Tours, which include tastings of the distillery’s gin as well as its new-make whisky – having only opened in 2015 its Hearach (the Gaelic name for a person from Harris) single-malt whisky isn’t quite ready – begin in a small, charred-oak lined tasting room on Harris Tweed chairs. During tours you’ll also get to touch, smell and taste all the botanicals before a guided sampling of Isle of Harris Gin and Sugar Kelp Aromatic Water (a seaweed tincture that lets you customise your pour to your taste).
Founder Anderson Bakewell set up the distillery with the aim of addressing population decline on the isle, where the population has halved over the past 50 years. Opening in 2015 with 10 full-time staff, it now has almost 40, and by only selling direct (you can buy through its website too), it ensures that those jobs stay local. Of course, Bakewell also wants to inspire people to visit the Isle of Harris, which is reached by ferry from Skye.
Another isle off Skye’s shores, the Isle of Raasay, opened the doors of its distillery in 2018 and is preparing to launch its first single-malt whisky in 2020 (it started distilling elsewhere a little earlier). In the meantime, visitors can sample its Hebridean gin – the first legal spirit to come out of an isle rooted in centuries of illicit distilling.
Handcrafted right here on the isle, the Isle of Raasay Gin is distilled in a Frilli copper pot using a blend of 10 botanicals, including rhubarb root, citrus fruit peel and water from its well. After a tour of the still room, visitors can sample the gin in a stunning tasting room, with views across to Skye and the Red Cuillin. Plus, gorgeous boutique rooms upstairs mean you can have more than a nip or two before settling in for the night.
And finally,the most southerly of the Inner Hebrides isles, Islay may be better known for its whisky-making, but one distillery has been making a very good gin for years. Located on the western peninsula of the isle, Bruichladdich’s dry gin, The Botanist, uses 22 hand-foraged local botanicals, including gorse flowers and apple mint, which all go into its Lomond still, known as ‘Ugly Betty’.

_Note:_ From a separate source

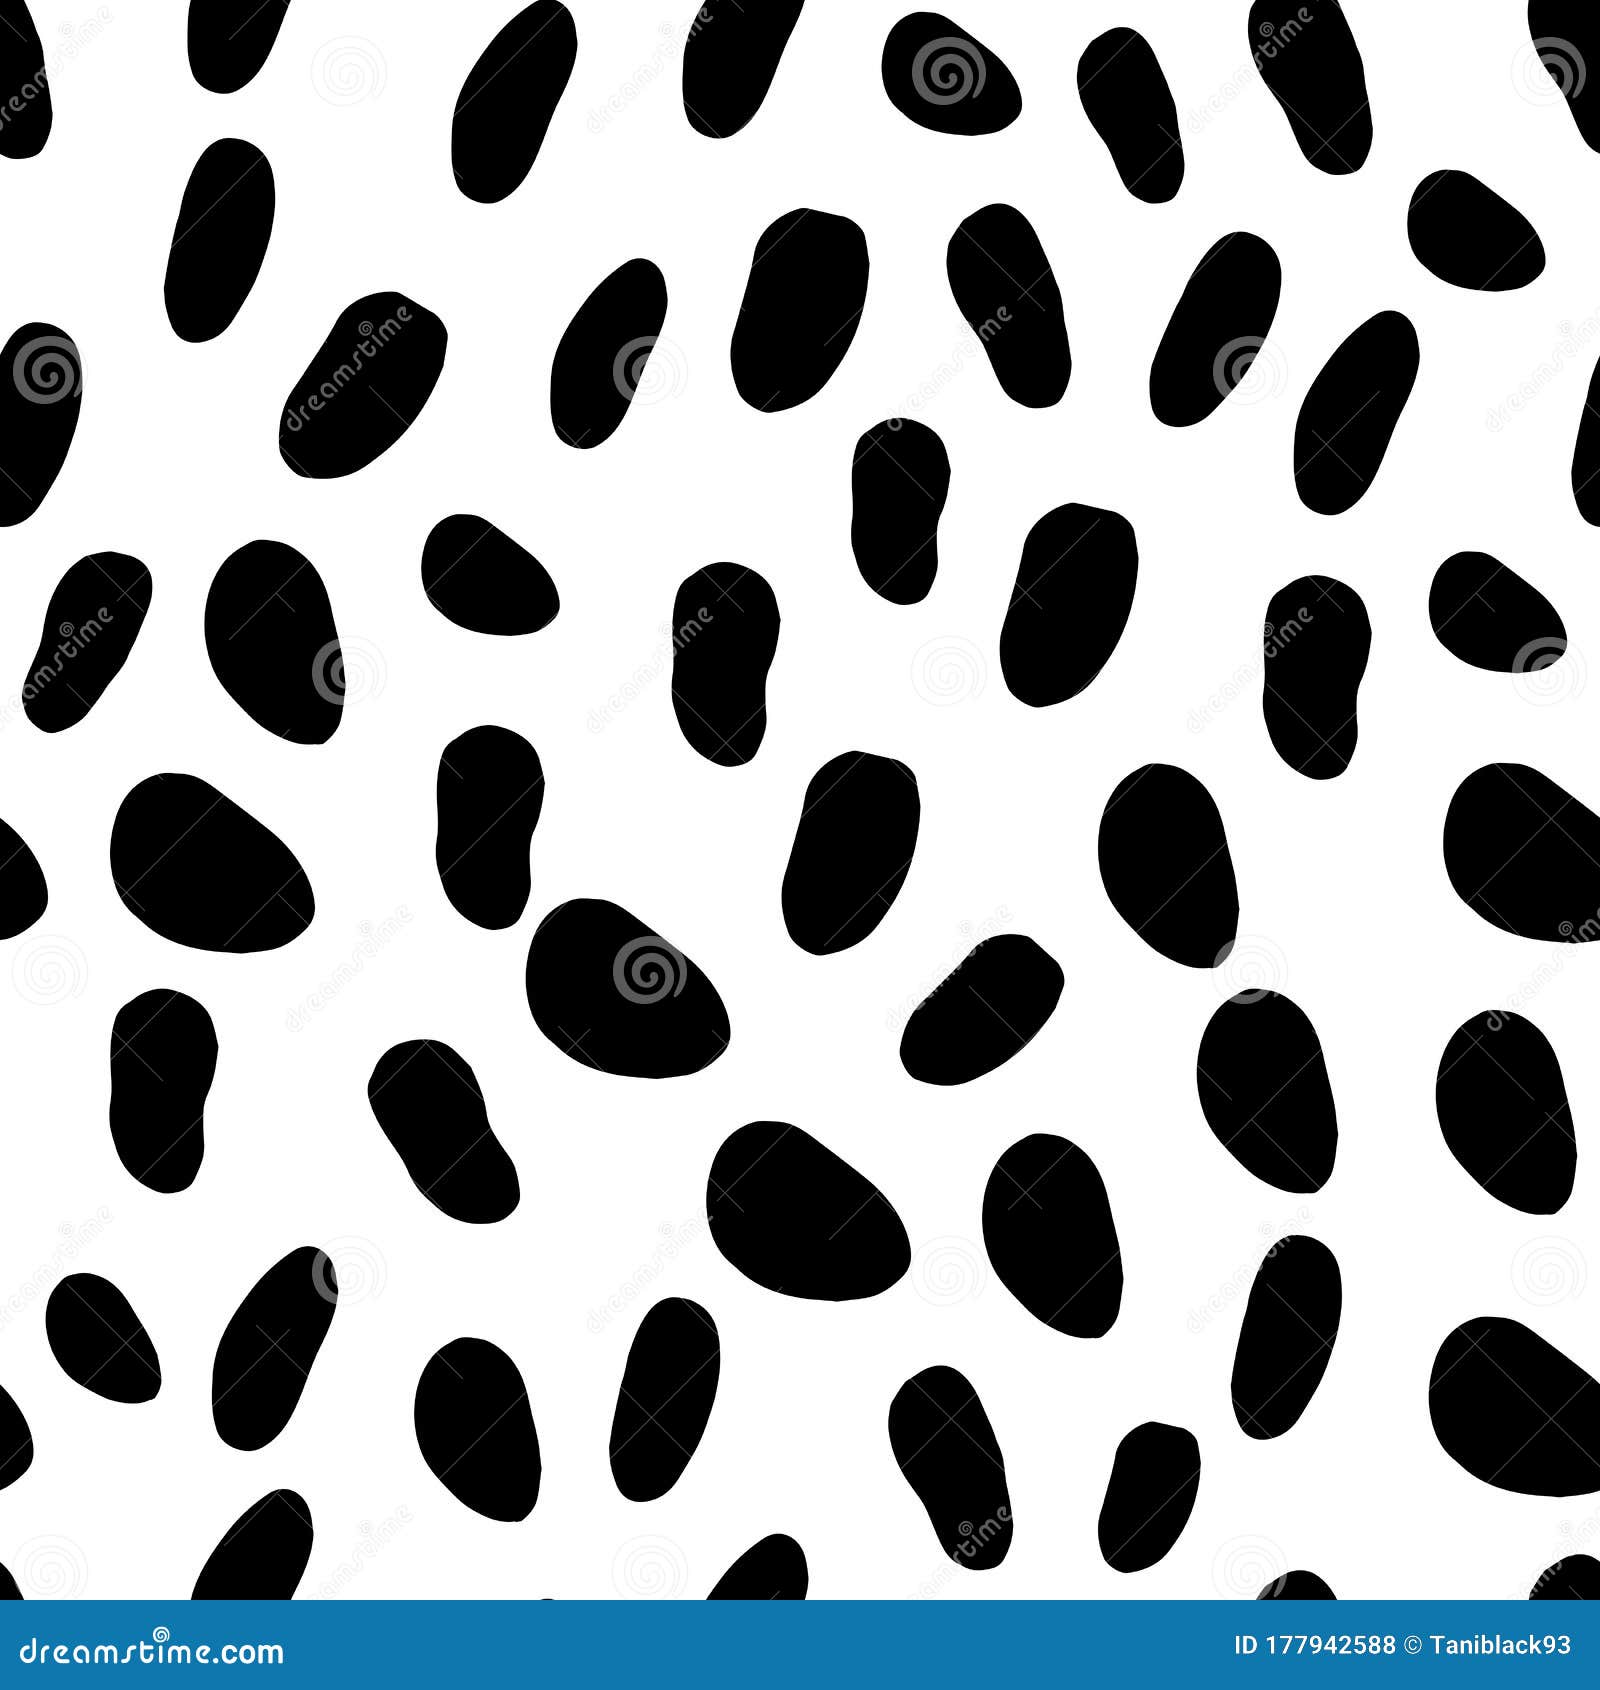 abstract seamless pattern with black spots on white. dalmatian skin imitation. animal print.

The resulting gin brings together the best of Islay’s natural bounty, from its Atlantic-washed beaches to its heather-covered hills, and is a nice change for anyone who’s not so keen on whisky, which is abundant elsewhere on the isle.
Tours are available Thursdays to Sundays for £10 with occasional drop-ins available.

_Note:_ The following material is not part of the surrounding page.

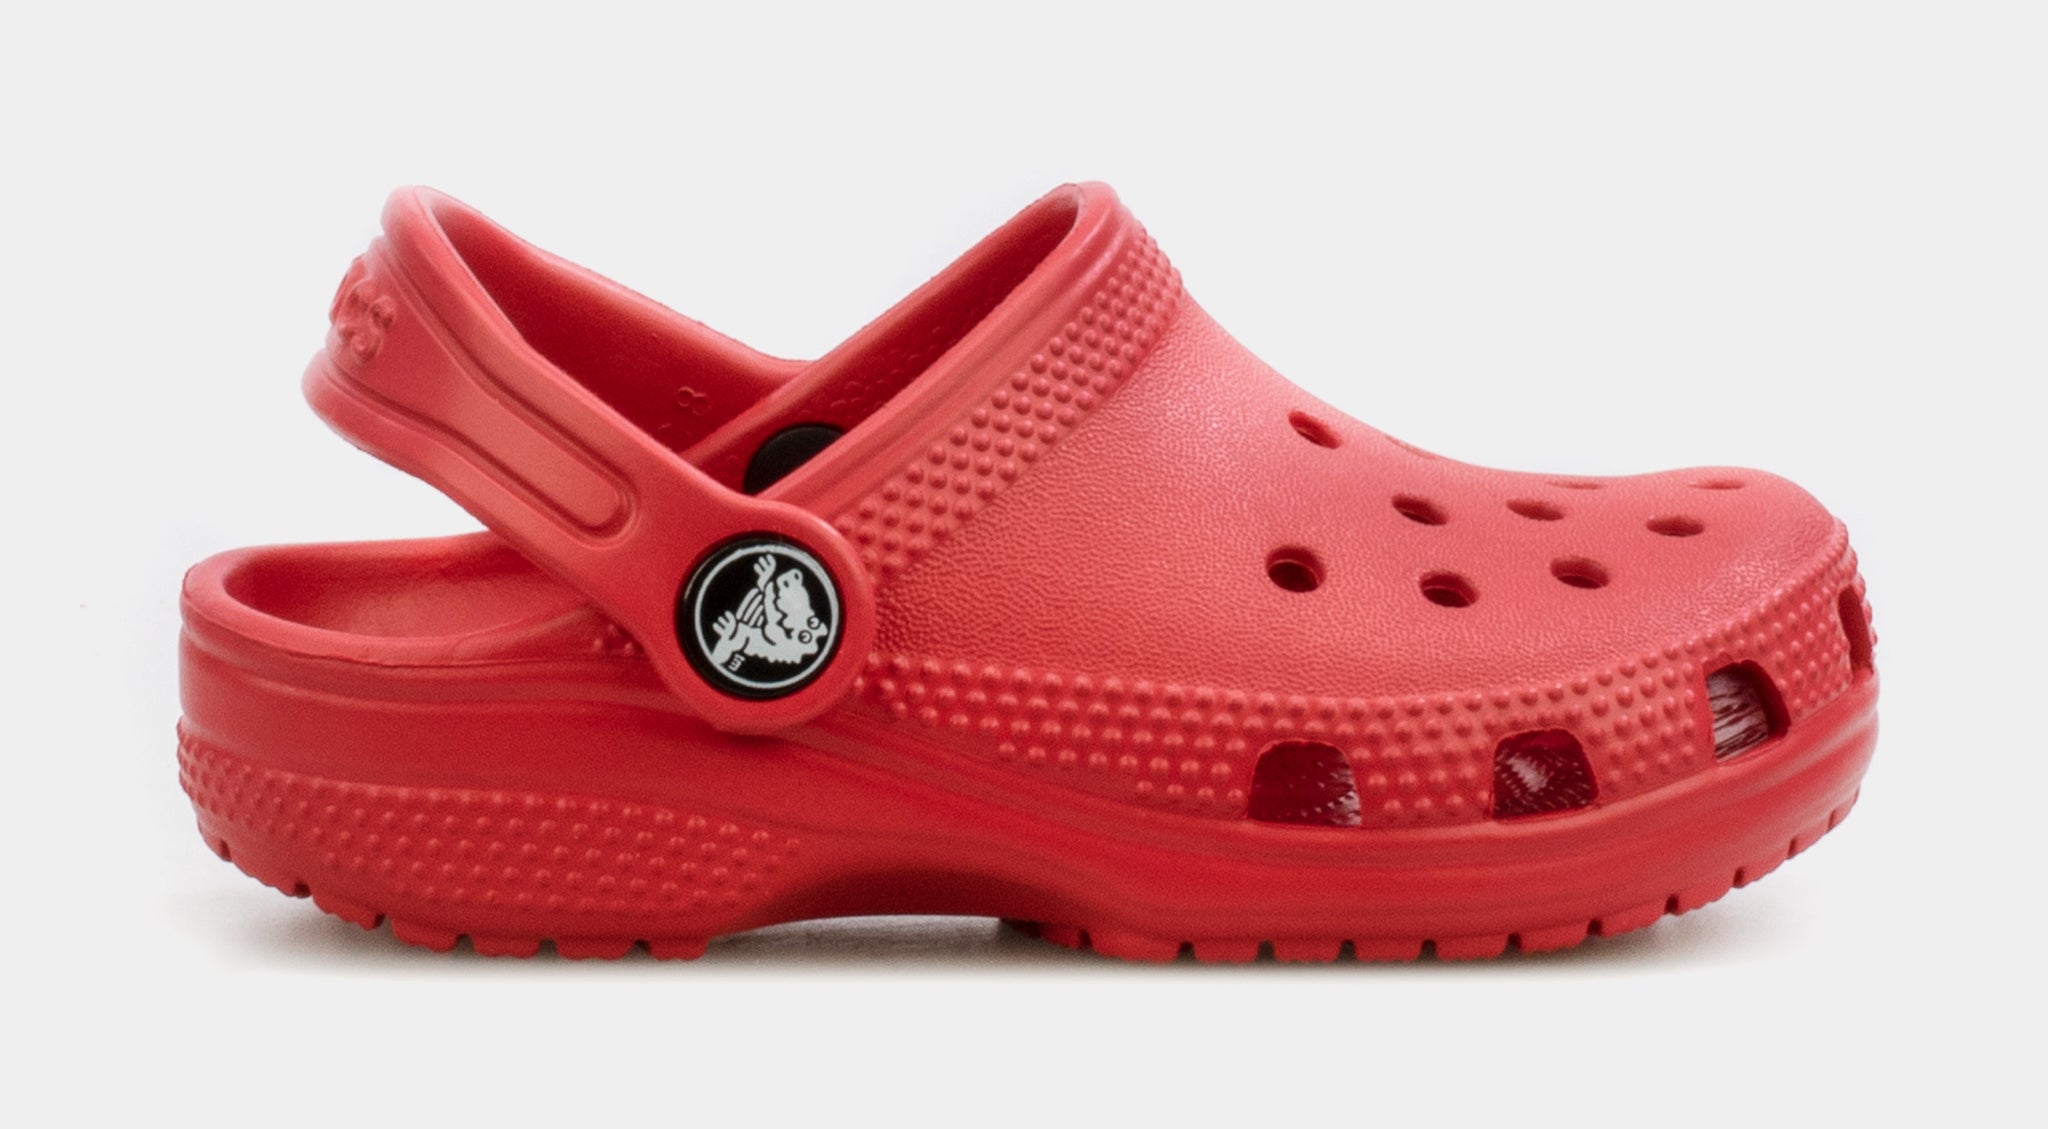 Crocs Wedge Sandals Are Trending on Amazon

Visits are combined with a tour of Tennent’s Brewery. The three-hour tours cost £38.
One-hour tastings are available for £15 at the current premises five miles outside St Andrews, while a new distillery is under construction.
There are daily tours from mid-March to late November (except Sundays) at this far north distillery. They cost £15, last around an hour and include a tasting.
Guests who arrive on this Outer Hebrides isle are welcomed into the distillery by a peat fire six days a week and made to feel right at home.
With regular ferries from Sconser on Skye, it’s easier to get here than you might think. Tours start from just £10.
The two-hour Botanist tour costs £25 but it does include a cocktail class.